We are required to continually meet NASDAQ's listing requirements, including, among other things, a minimum stockholders' equity requirement of at least $2,500,000 for continued inclusion on The Nasdaq Capital Market pursuant to Nasdaq Listing Rule 5550(b)(1) (the "Stockholders' Equity Requirement"). As described in a Current Report on Form 8-K filed with the SEC on November 22, 2023, we received a deficiency letter from NASDAQ's Listing Qualifications Department (the "NASDAQ Staff") on November 17, 2023 notifying us that we were not in compliance with the Stockholders' Equity Requirement. In our Quarterly Report on Form 10-Q for the quarter ended September 30, 2023, we reported stockholders' equity of $498,897, which was below the Stockholders' Equity Requirement. Additionally, we did not meet either of the alternative Nasdaq continued listing standards under the Nasdaq Listing Rules, which include (i) a market value of listed securities of at least $35 million or (ii) net income of $500,000 from continuing operations in the most recently completed fiscal year or in two of the three most recently completed fiscal years. As of December 31, 2023, our stockholders' equity was $2,089,704.
In accordance with NASDAQ rules, we had until January 2, 2024 to submit a plan to the NASDAQ Staff to regain compliance with the Stockholders' Equity Requirement, which we submitted by such date. On February 5, 2024, Nasdaq notified us that, based on its review of the Company and the materials submitted by us to NASDAQ, NASDAQ Staff determined to grant us an extension to regain compliance with the Stockholders' Equity Requirement until May 15, 2024, subject to the Company regaining and evidencing compliance with the Stockholders' Equity Requirement by such date.

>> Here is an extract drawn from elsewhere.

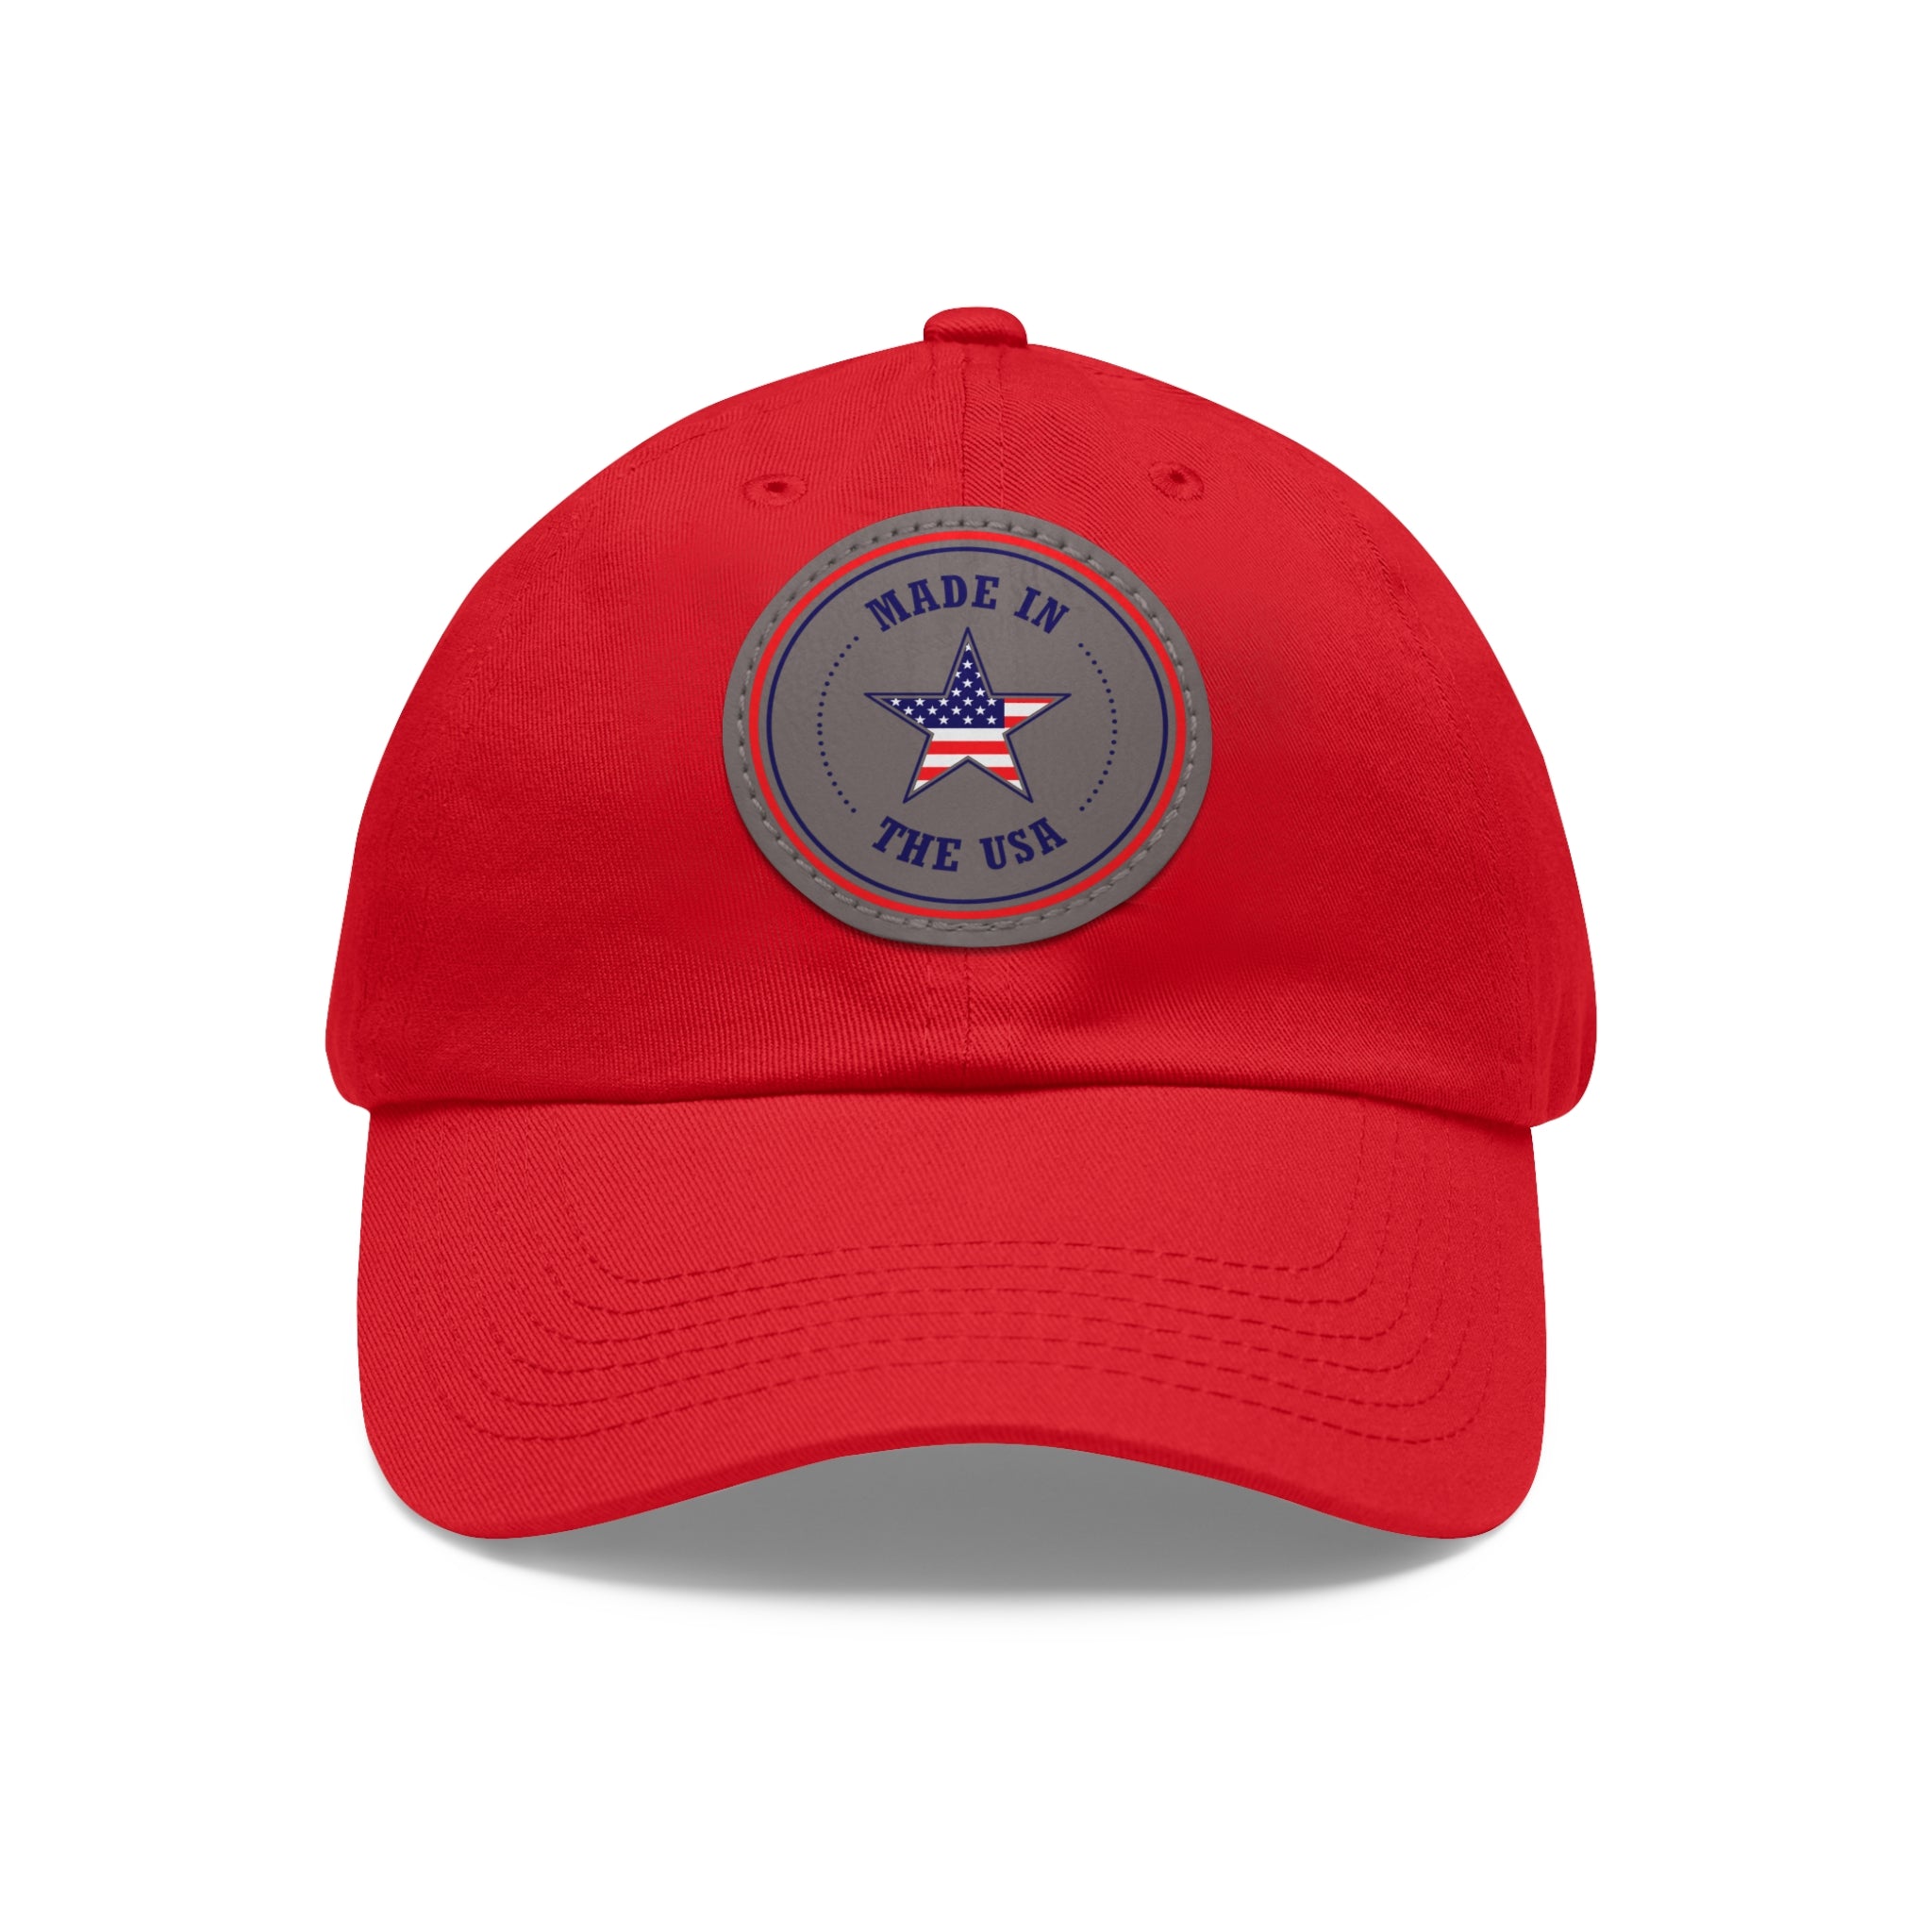 Made in the USA Dad Hat
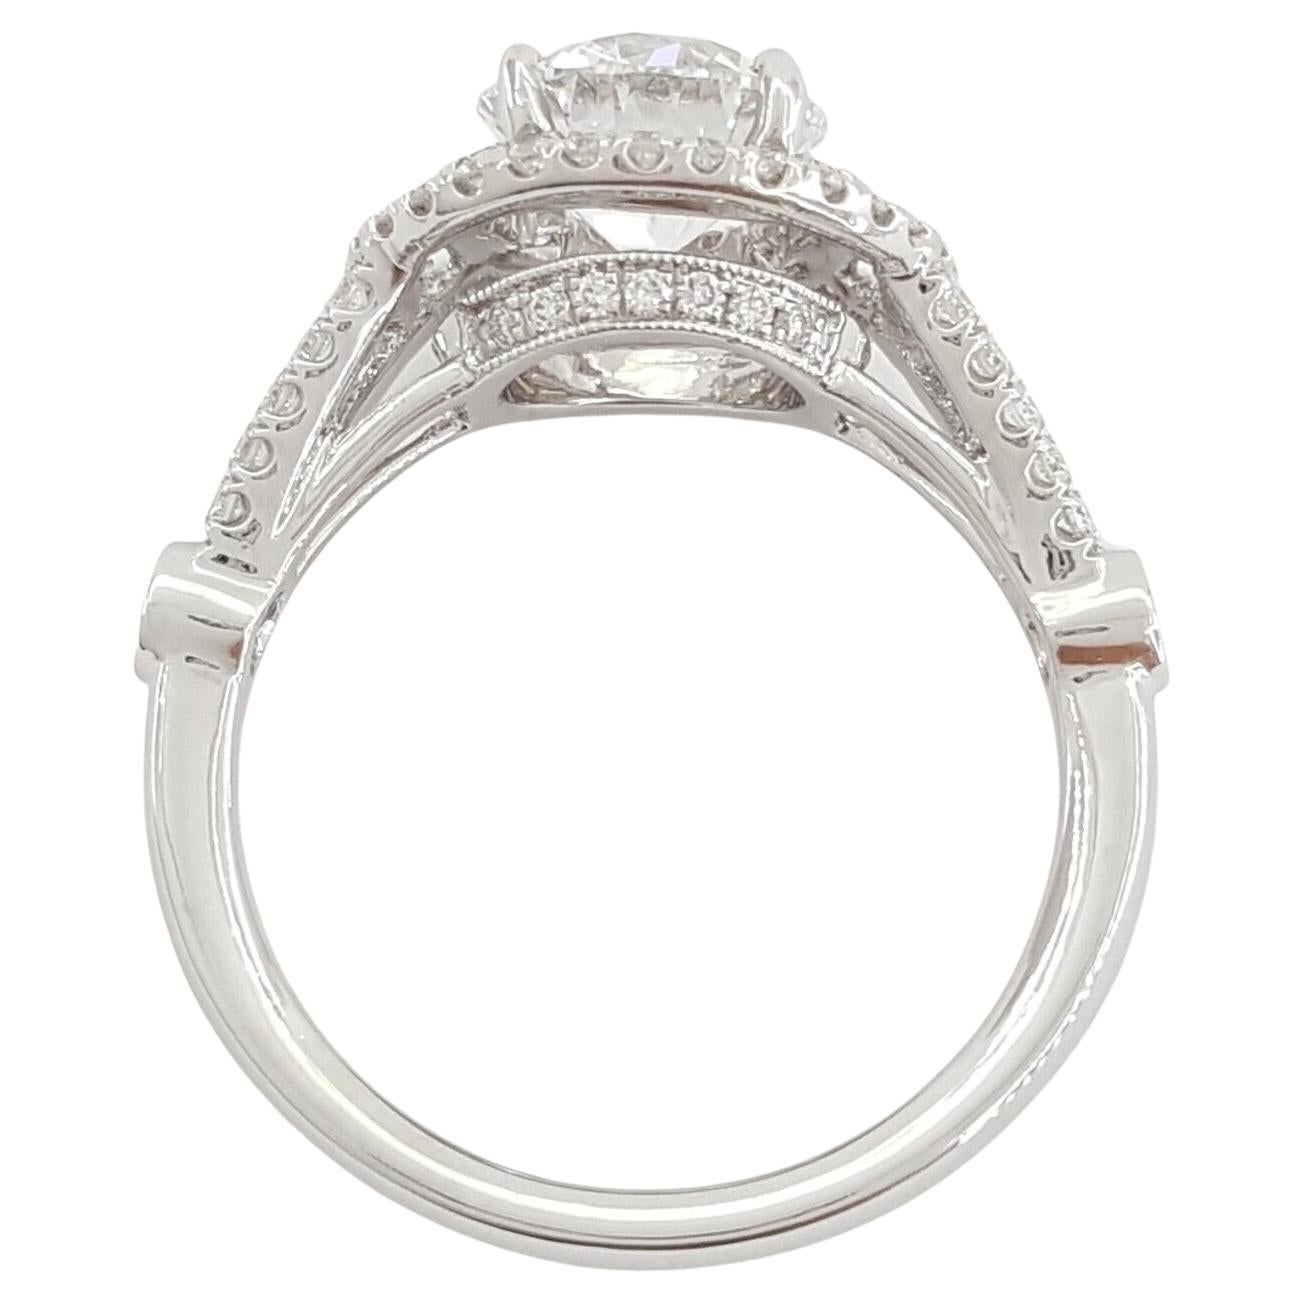 Hearts on Fire 2.16 ct Total Weight Round Brilliant Cut Diamond Double Halo Supreme Platinum Engagement Ring.

Any delisting of our Class A common stock from NASDAQ, including as a result of our inability to regain compliance with the Stockholders' Equity Requirement, could adversely affect our ability to attract new investors, reduce the liquidity of our outstanding shares of Class A common stock, reduce our ability to raise additional capital, reduce the price at which our Class A common stock trades, result in negative publicity and increase the transaction costs inherent in trading such shares with overall negative effects for our stockholders. We cannot assure you that our Class A common stock, if delisted from NASDAQ, will be listed on another national securities exchange or quoted on an over-the-counter quotation system. In addition, delisting of our Class A common stock could deter broker-dealers from making a market in or otherwise seeking or generating interest in our Class A common stock and might deter certain institutions and persons from investing in our securities at all. For these reasons and others, delisting could adversely affect our business, financial condition and liquidity.
To regain compliance with the Stockholders' Equity Requirement, we entered into the INDYCAR Agreement. Pursuant to the INDYCAR Agreement, our liability to INDYCAR, LLC in the amount of approximately $2.9 million was settled for $400,000, which resulted in a gain of approximately $2.5 million, which resulted in a $2.5 million increase to our stockholders' equity. On June 3, 2024, the Nasdaq Stock Market LLC notified us that based on our disclosure of the INDYCAR Agreement in our Current Report on Form 8-K filed by us on May 23, 2024, Nasdaq's staff has determined that we comply with the Stockholders' Equity Requirement. In our Quarterly Report on Form 10-Q for the quarter ended June 30, 2024, we reported stockholders' equity of approximately $3.0 million; however, because we report stockholders' equity of less than $2.2 million in this Report, which is below the Stockholders' Equity Requirement, we expect to receive a deficiency letter from the NASDAQ Staff notifying us that we are not in compliance with the Stockholders' Equity Requirement. If we fail to timely submit a plan to the NASDAQ Staff to regain compliance with the Stockholders' Equity Requirement, and to thereafter regain compliance with such requirement, we may be subject to delisting. At that time, Nasdaq will provide written notification to us, which we may then appeal Nasdaq's determination to a Nasdaq Hearings Panel.